Нельзя сбросить со счётов и субъективные моменты неприятия концепции, так ярко проявившие себя в выходке Роджера Горски с демонстрацией фильма — “опровержения”. Лучше всего об этом сказал Лев Клейн: “Гипотеза Дёрнера встретилась с ожесточённой критикой. Крысы и люди — как можно сравнивать! Крысы только спариваются, а человек испытывает и любовь. У крыс нет гомосексуальности, то есть изменившихся предпочтений в выборе сексуального партнёра при сохранении своего пола, у них просто изменено половое поведение в целом. Особенно возмутились организации гомосексуалов — им не понравилось товарищество “голубых крыс”, не понравилось и вообще выяснение причин гомосексуальности. Сама задача выяснения причин резонно связывается ими со стремлением предотвратить появление гомосексуальных детей, а в этом они видят проявление общего негативного отношения к гомосексуалам. Мне гипотеза Дёрнера кажется очень реалистичной”.
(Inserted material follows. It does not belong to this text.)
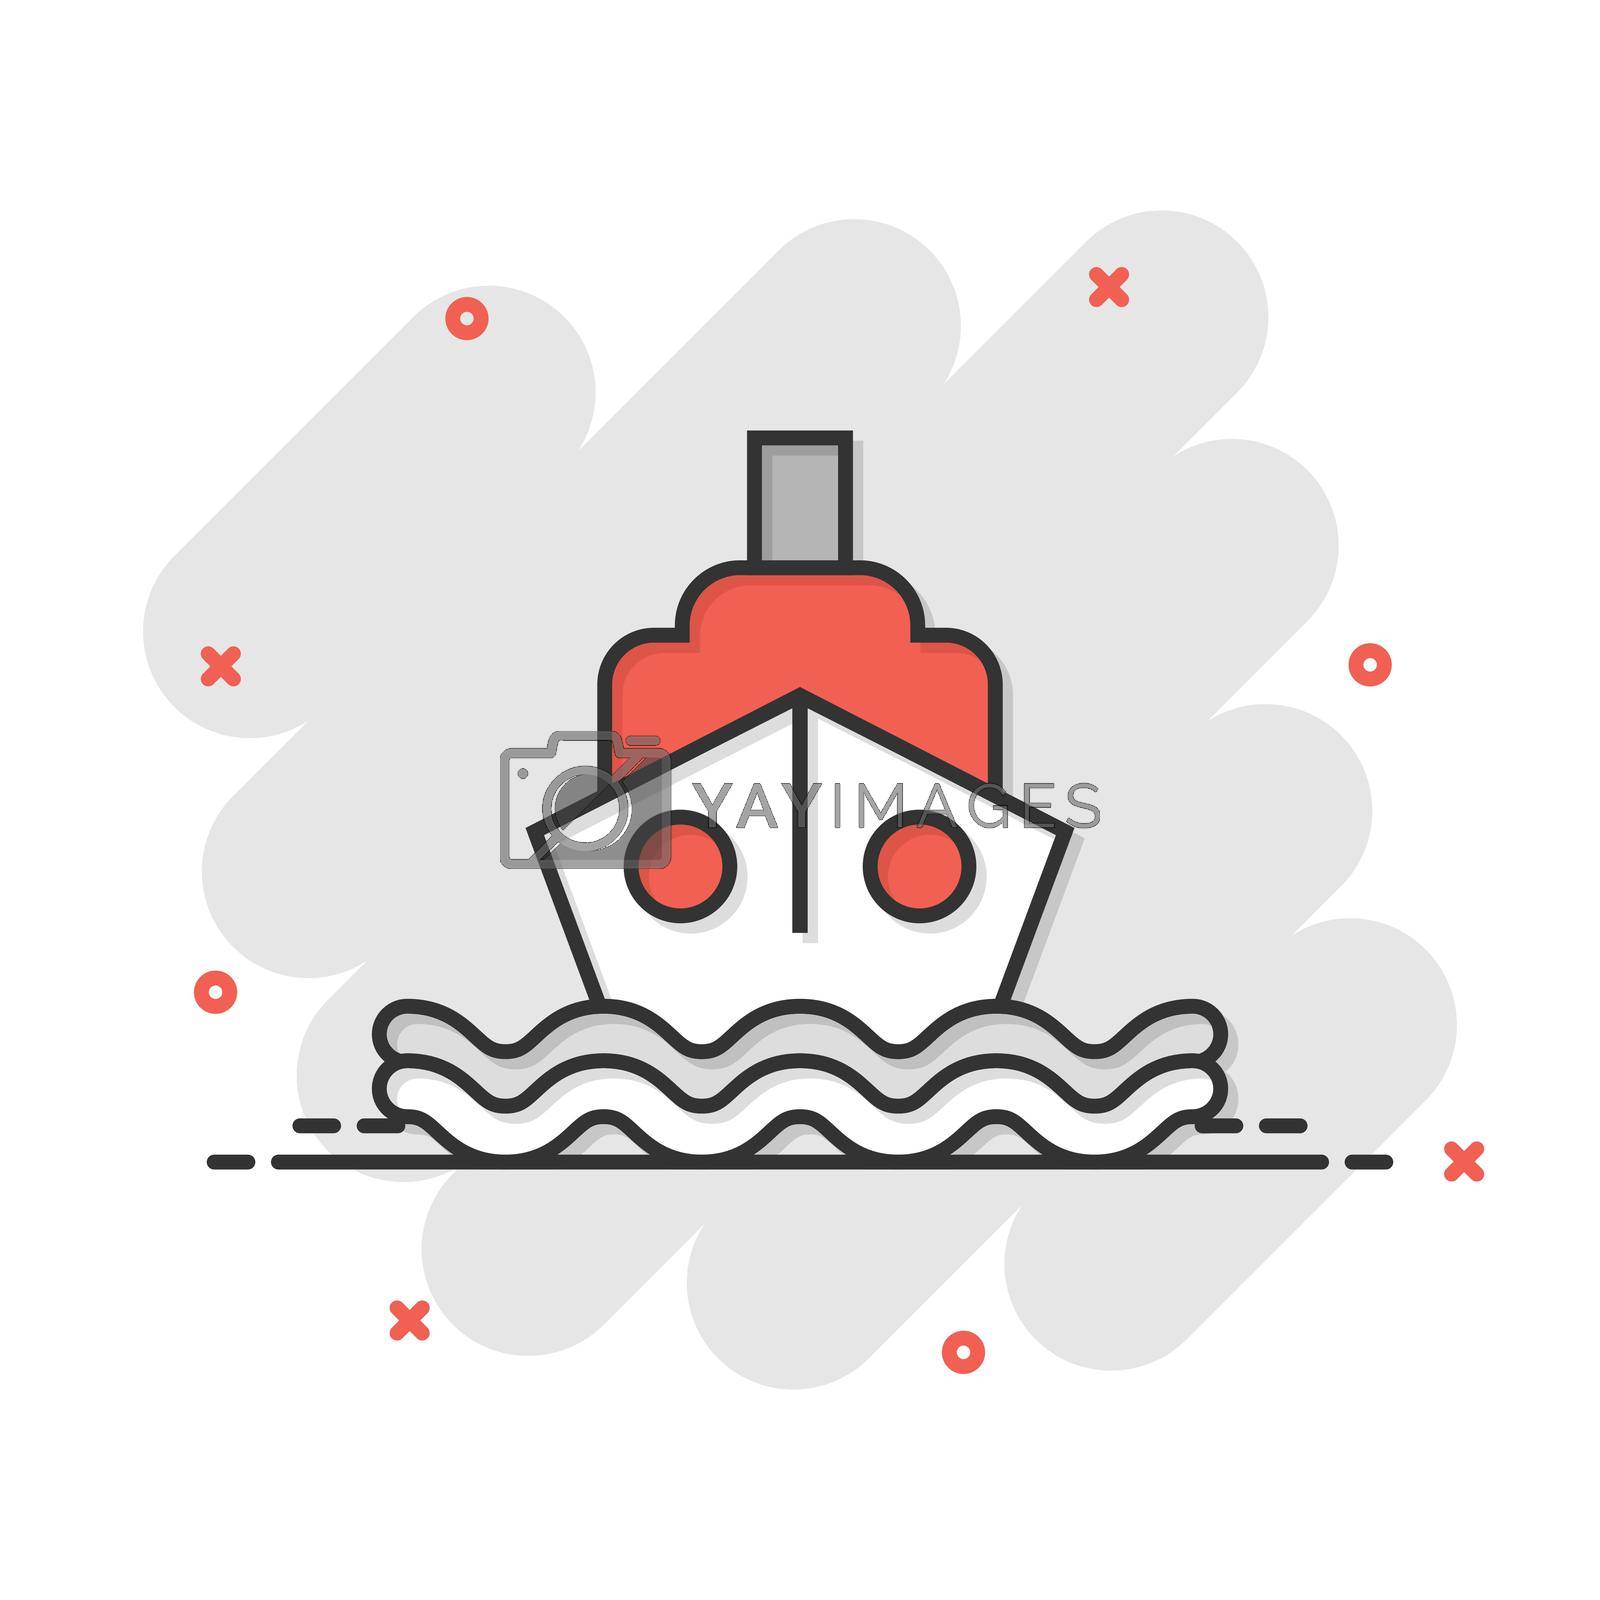 Royalty free image of Tourism ship icon in comic style. Fishing boat cartoon vector illustration on white isolated background. Tanker destination splash effect business concept. by LysenkoA

Чутьё не подвело Клейна, когда он вступился за Дёрнера, но, углубившись в дебри эндокринологии и эмбриологии, археолог в них запутался. Согласно его представлениям, решающую роль в формировании мозга плода по мужскому типу играют андрогены матери (а не те, что вырабатываются в яичках самого зародыша). Откуда берутся у неё мужские половые гормоны, зачем они нужны ей при стрессе и как они в этом состоянии расходуются, Клейну неведомо. Он лишь с пафосом констатирует: “Андрогены матери сгорают в топке стресса, а мозг зародыша, испытывая при этом их дефицит, формируется неправильно”.
Стресс, переживаемый беременной, действительно приводит к дифференциации мозга зародыша по гомосексуальному типу (об этом уже говорилось неоднократно). Только происходит это иначе, чем представляется Клейну, который, не разобравшись в деталях, усомнился в клиническом аспекте концепции Дёрнера, мол, “нет данных о том, чтобы все гомосексуалы прошли в утробном периоде через нехватку гормонов под действием материнского стресса или других причин, да ещё всё в узко ограниченный период”.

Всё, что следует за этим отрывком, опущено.